Winter hasn’t officially commenced yet, but the early returns don’t bode well for New England’s electricity market and its ratepayers. In the past month we have seen wholesale electricity prices climb to 30 cents per KWh for four-hour stretches—and natural gas prices at New England zones have exceeded seven times the national average. On Thursday, the New England Independent System Operator (ISO-NE), the organization that manages the region’s grid, issued an alert for all of New England due to capacity deficiency. ISO has been saying for well over a year now that New England is becoming too reliant on natural gas for electricity generation and reality has reared its ugly head—in the form of ever-climbing electricity rates for residents and businesses.
For the past week or so, New England’s “fuel mix” for electricity generation has seen nuclear and coal plants exceed 100% of their capacity, while natural gas plants have been running at less than 50% of installed capacity. Some of this can be attributed to seasonal variations—the result of local distribution companies (LDCs) purchasing firm capacity to supply their customers with home-heating fuel to keep their homes warm—leaving the “scraps” and higher prices to generators. LDCs are able to secure contracted pricing for their natural gas, which insulates them from paying the spot market prices that natural gas electricity generators are forced to pay—which has led to wholesale electricity prices exceeding 30 cents per KWh for extended periods of time.
Market prices for natural gas have climbed 30% this year—and while they are still near historical lows nationwide—this rise alters the electricity generation dynamic in New England dramatically. With natural gas generators setting the price for electricity 80% of the time, New England ratepayers are becoming more-and-more susceptible to natural gas prices. Don’t look for relief in the form of pipeline expansion anytime soon either. LDCs are buying capacity to meet demand for new (natural gas) home-heating customers, but pipeline expansion to meet that demand will be small in scale and will do nothing to relieve the pipeline constraints that affect electricity generators.

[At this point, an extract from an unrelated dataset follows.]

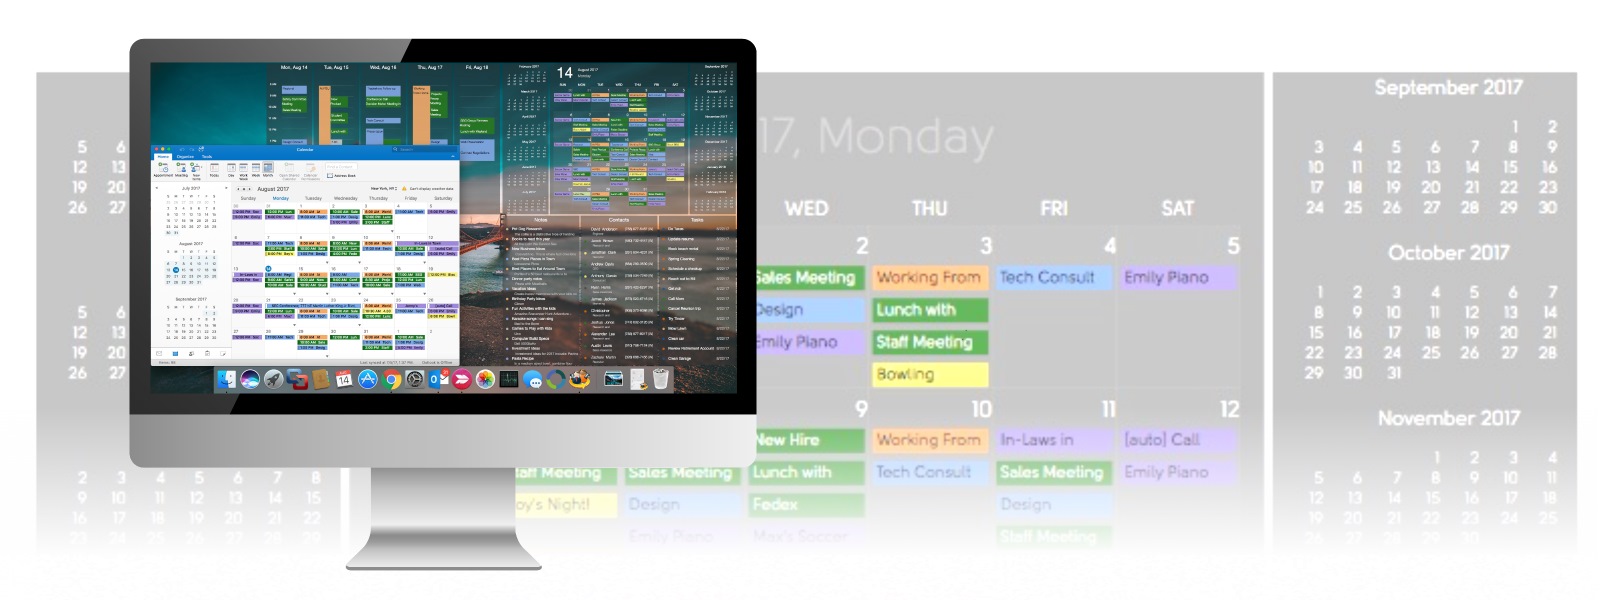 Dejadesktop Wallpaper By Companionlink - Live Calendar Wallpaper For Windows 10 , HD Wallpaper & Backgrounds
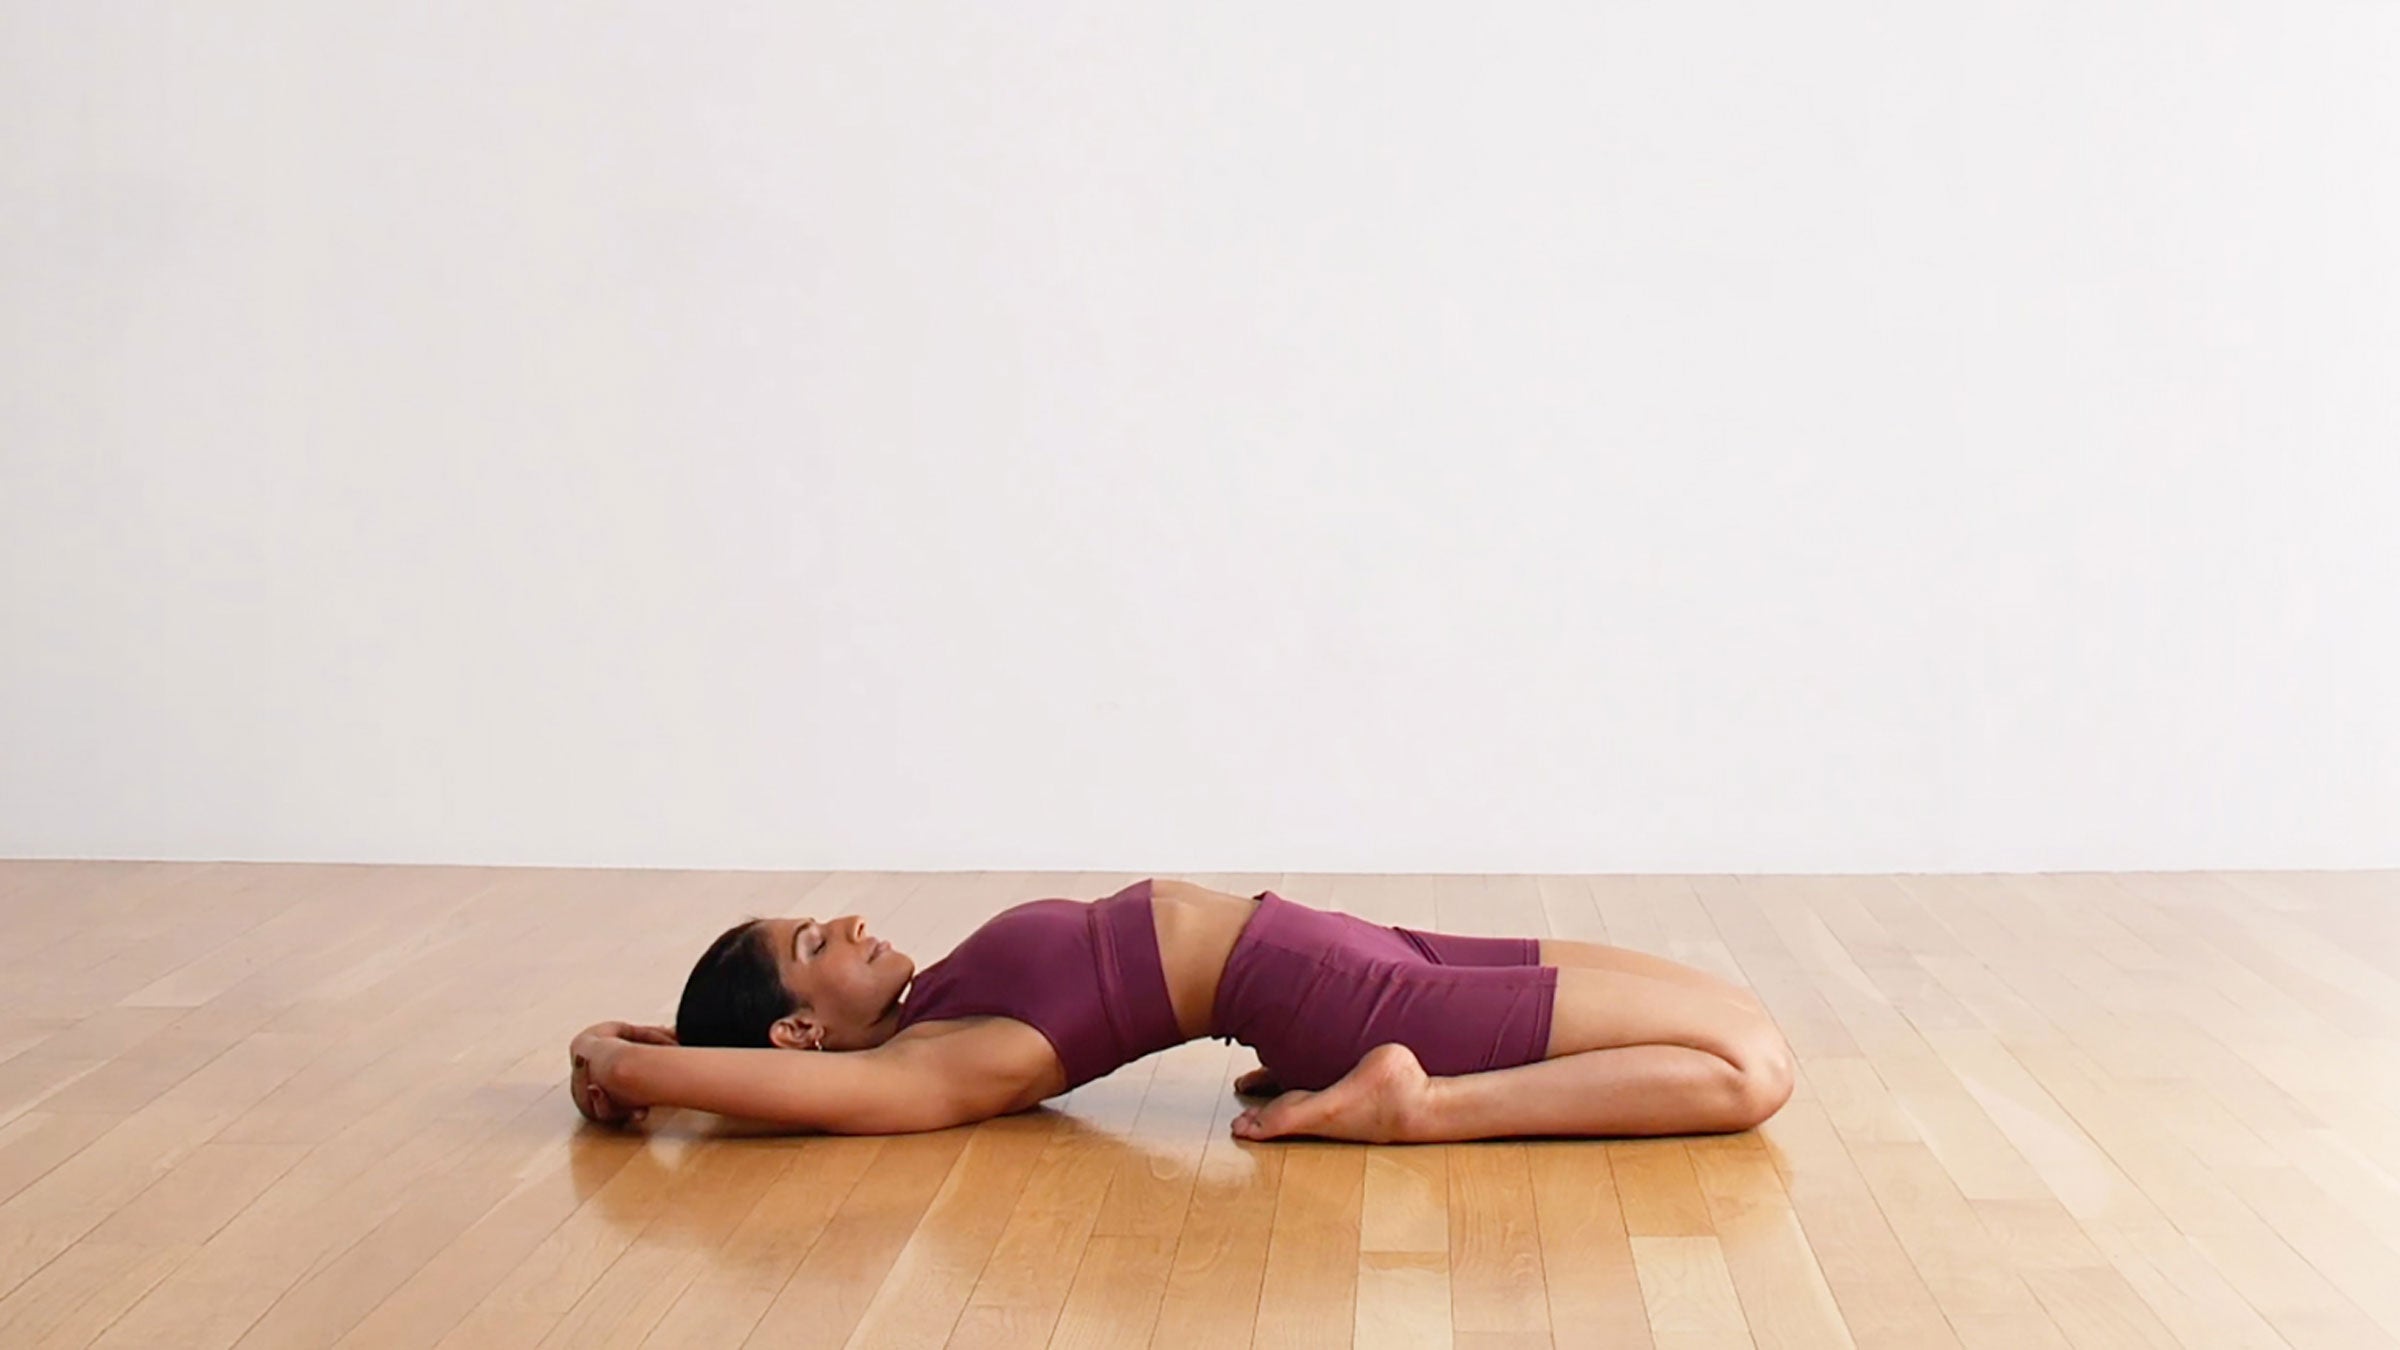 Yoga Stretches For Flexibility | POPSUGAR Fitness

A much bigger concern for the region is what the future may bring. Vermont Yankee, Brayton Point and Salem Harbor are all scheduled to close in the next few years—with only Salem scheduled to replace its existing generation (with a natural gas plant) if legal challenges can be overcome. ISO-NE has gone on record as saying that Brayton Point and Vermont Yankee aren’t needed to meet capacity requirements for New England’s grid. However, twenty percent of current generating capacity is in the form of oil-fired plants, which, because of economics, haven’t provided the region with more than 5% of its generation since 2003. Brayton and Yankee represent approximately 2,000 MW of generation—which means that a quarter of our capacity is either highly uneconomical or soon to be offline.
One reason that residential prices had been on the decline was the emergence of competitive suppliers in the region, many of whom had taken advantage of the very low natural gas prices and provided residential ratepayers with much-needed savings. However, with the price of natural gas climbing, some of these suppliers may face hard times. Last winter, one supplier was temporarily forced out of the market because they had insufficient capital to buy high-price electricity for its customers. Reducing competition in the electricity market is a step in the wrong direction if the goal is to reduce rates.
Unfortunately, policy-makers don’t seem to be focused on reducing electricity rates–instead promoting legislative initiatives that pick winners and losers when it comes to generation. Depending on the state, these policies shift every year based on the composition of the legislature and the power of a particular group of lobbyists. This often results in polices being changed before they can be properly evaluated (not a sound energy policy by any means), and having long-term (and detrimental) impacts on the regions electricity supply.
NERA has written on numerous occasions that policy-makers and stakeholders need to support initiatives that bring additional resources into the region and reduce our over reliance on natural gas. We need more resources that will provide reliable, affordable, base load power for businesses and residents. Several manufacturers have recently left New England for states with lower electricity rates and we have no way of measuring the number of businesses that don’t come here because our electricity rates are among the highest in the country.
Politicians are always preaching about the need for better jobs—specifically “blue-collar” jobs like those provided by manufacturers. They need to understand that you can’t create manufacturing jobs by supporting policies that raise the cost of electricity to the industries that provide the jobs, while simultaneously raising the cost of living to its employees.
Marc Brown is the Executive Director of the New England Ratepayers Association, a nonprofit dedicated to protecting ratepayers.